= Stefan Niedziałkowski =

Mime artist

Stefan Niedziałkowski (born 12 March 1945 in Warsaw, Poland) mime artist, author, director, teacher and choreographer.

== History ==

=== Poland ===
In 1964, Stefan was invited by director Henryk Tomaszewski to become member of the Tomaszewski's Wrocław Pantomime Theater. Niedziałkowski acted internationally as part of the company until 1975, before moving on to co-found and co-create “The Stage of Mimes” at The Warsaw Chamber Opera.

=== New York ===
In 1979, Niedziałkowski left Poland and moved to the United States. Upon arrival in New York City, he founded a new mime company with Alice Winslow. Together, they established a school, The American School of Polish Mime. During this time, he authored and directed many works, including "Beret", "Facets", "Fighting with Death", "Pygmalion", and "Time's Sculptures".

=== Philadelphia ===
In 1986, Stefan left New York to join his wife and daughter in Philadelphia, Pennsylvania. During this time, he was frequently invited by Marcel Marceau to teach at Marceau's Ecole Internationale de Mimodrame de Paris Marcel Marceau. In 1993, Niedzialkowski co-wrote, with Jonathan Winslow, a book on the art of mime titled, "Beyond the Word — The World of Mime." Marcel Marceau wrote the foreword to the book, concluding "...Stefan has opened the door with utmost sincerity and integrity, and his contribution is beyond words."

=== Poland ===
In 1993, Niedziałkowski returned to Warsaw, Poland. In 1994, he took the position of artistic director of the Warsaw Pantomime Theater at the State Jewish Theater in Warsaw. Simultaneously, Niedziałkowski founded The Mimes Studio (Studio Mimow) at the Warsaw theater, Teatr Na Woli. From 2000 to 2002 and in 2004 Niedziałkowski was the author and artistic director of The International Mime Art Festival at the Teatr Na Woli theater. In 2005, Stefan Niedziałkowski's Mimes Studio moved to its current location at the Mazovia Region Centre of Culture and Arts in Warsaw.

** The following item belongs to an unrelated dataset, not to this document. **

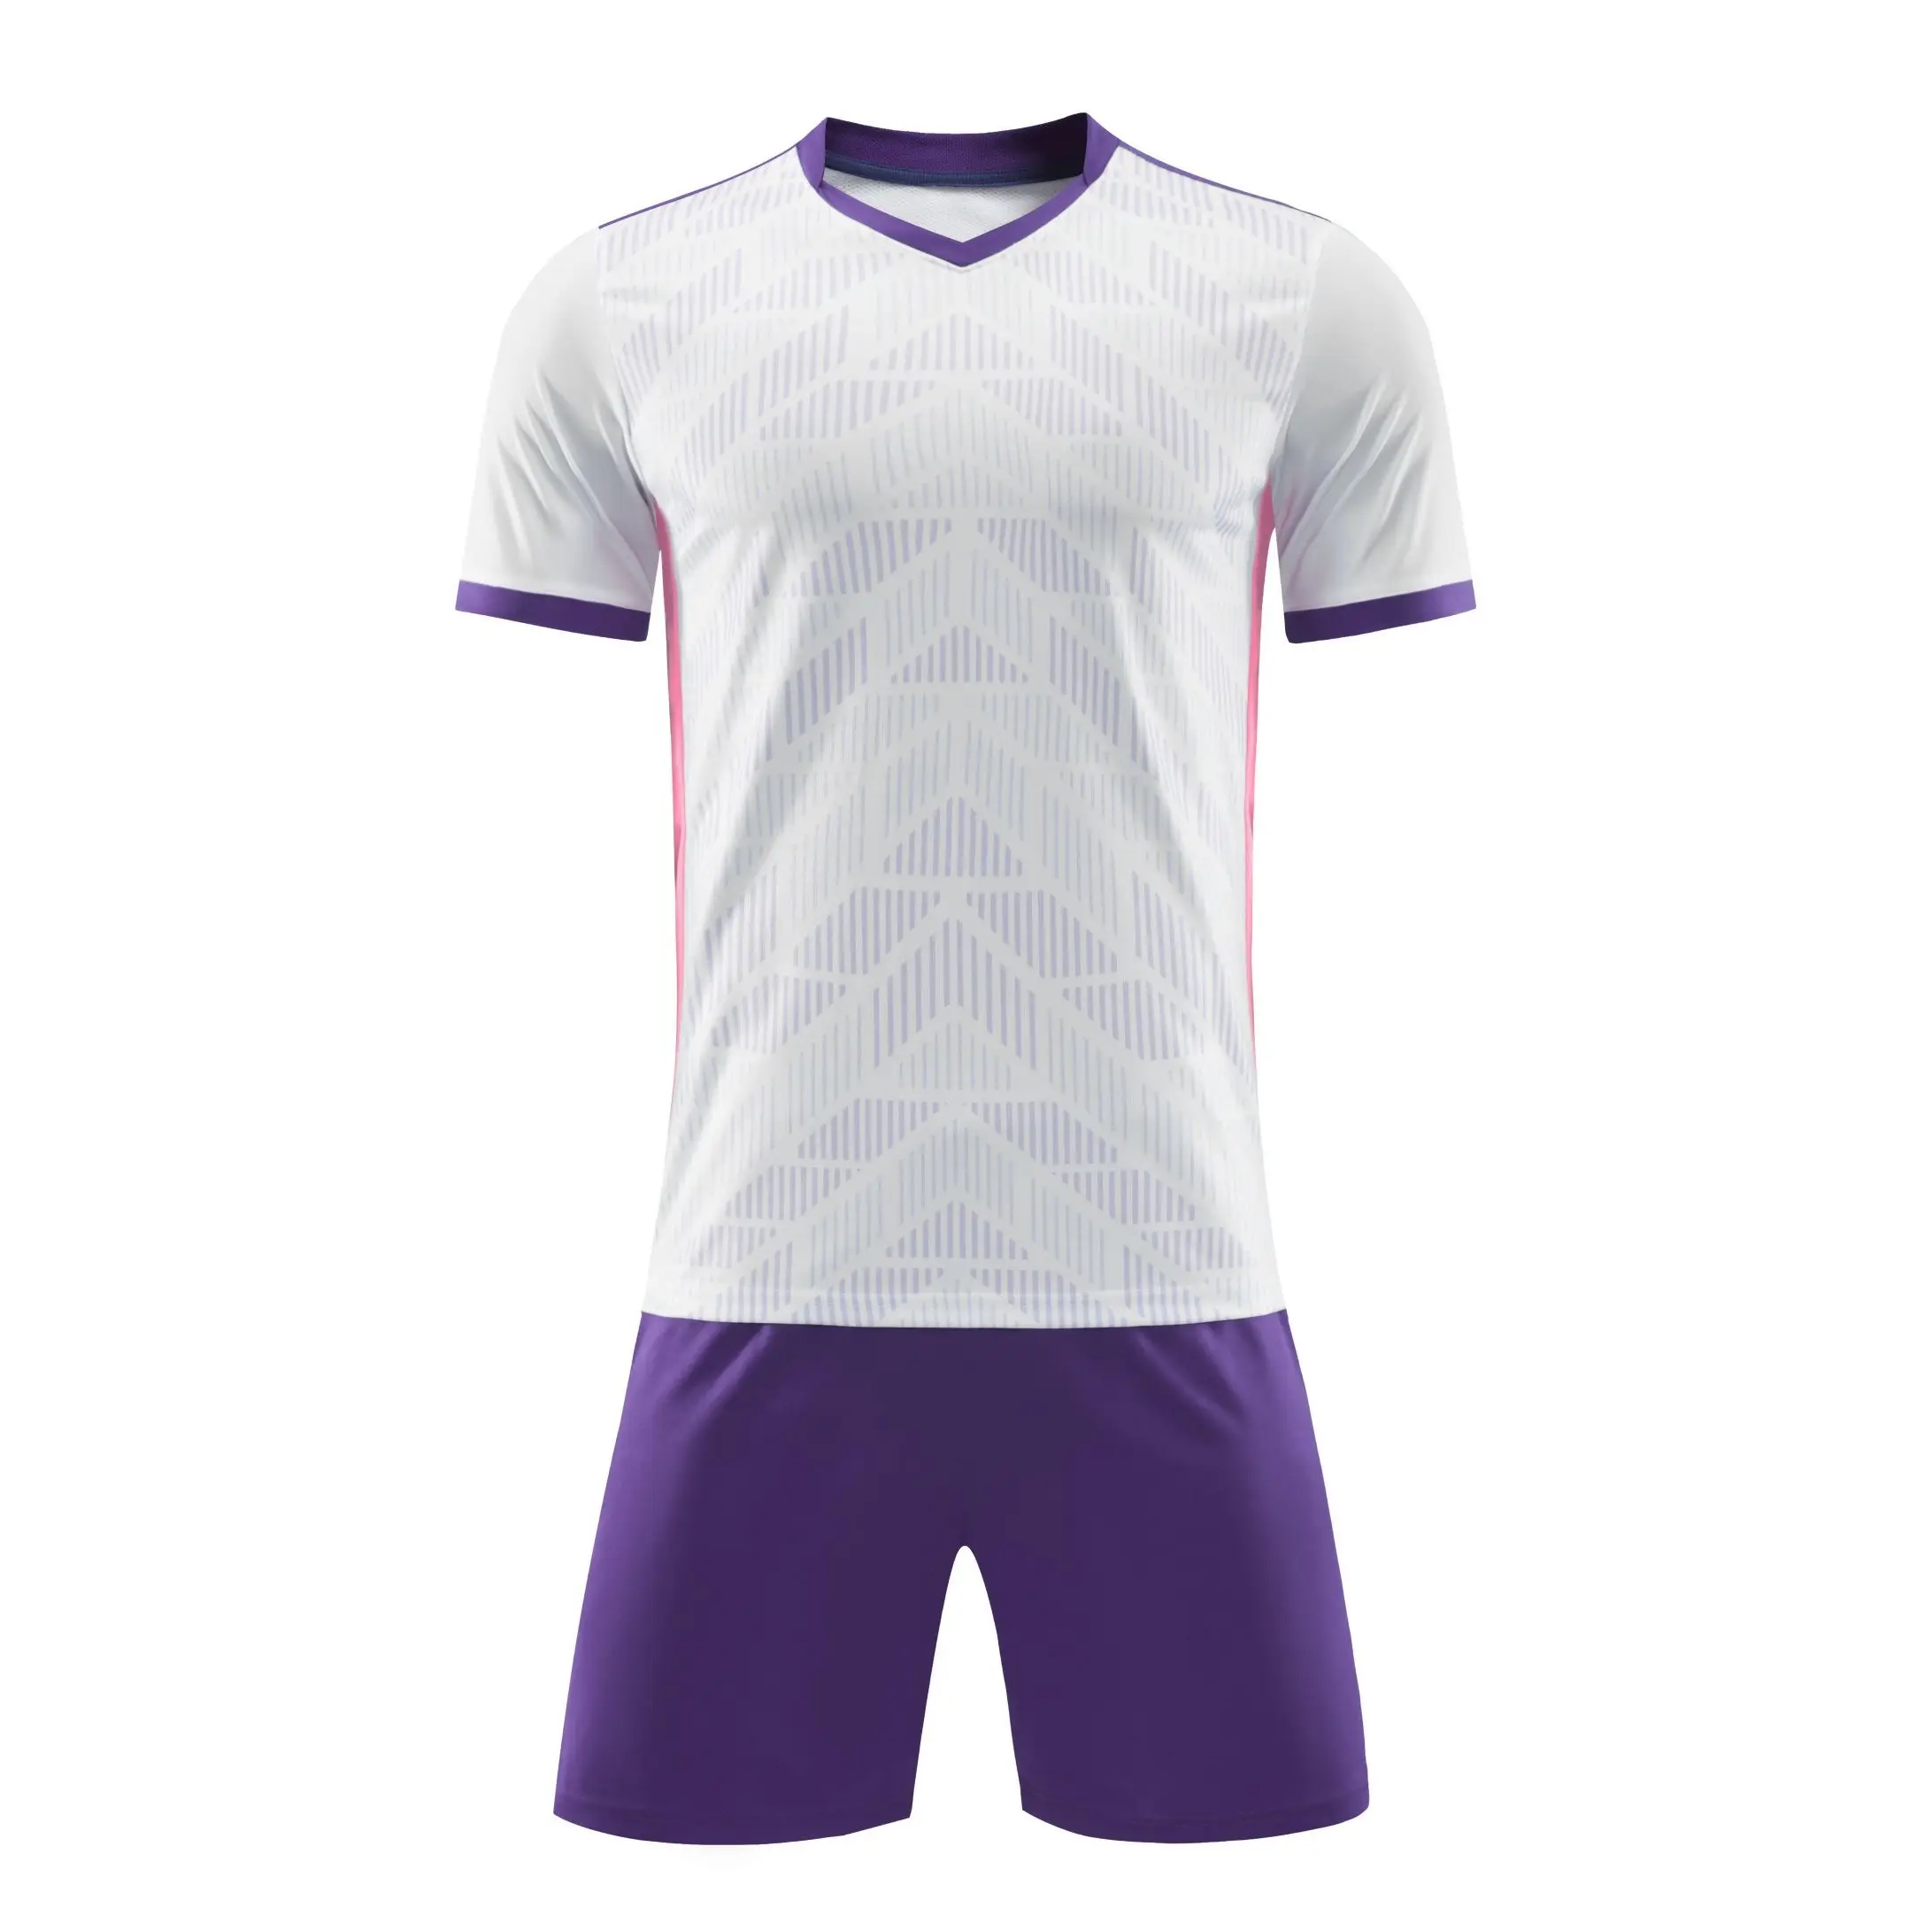 Venta al por mayor jersey de fútbol en blanco sublimado uniformes de fútbol baratos personalizados ropa de entrenamiento jersey de fútbol en blanco barato para equipos

A celebration commemorating the 50th anniversary of the founding of the Wrocław Pantomime Theatre by Tomaszewski was held in 2006. As a part of the celebration, Stefan Niedziałkowski created, directed, and choreographed his mime drama, “Dusioł” (Soul), for the Wrocław Pantomime Theatre company. Niedziakowski played the title role as a guest artist at the premiere in December 2006 on the Scena Kameralna of the Polish National Opera in Warsaw.

== Today ==
In 2007, the film “Actor of Silence” was created by Tomasz Tarnawski, centering on Stefan Niedzialkowski's life and works. It also features performances from students of the Mimes Studio under Niedziałkowski's direction.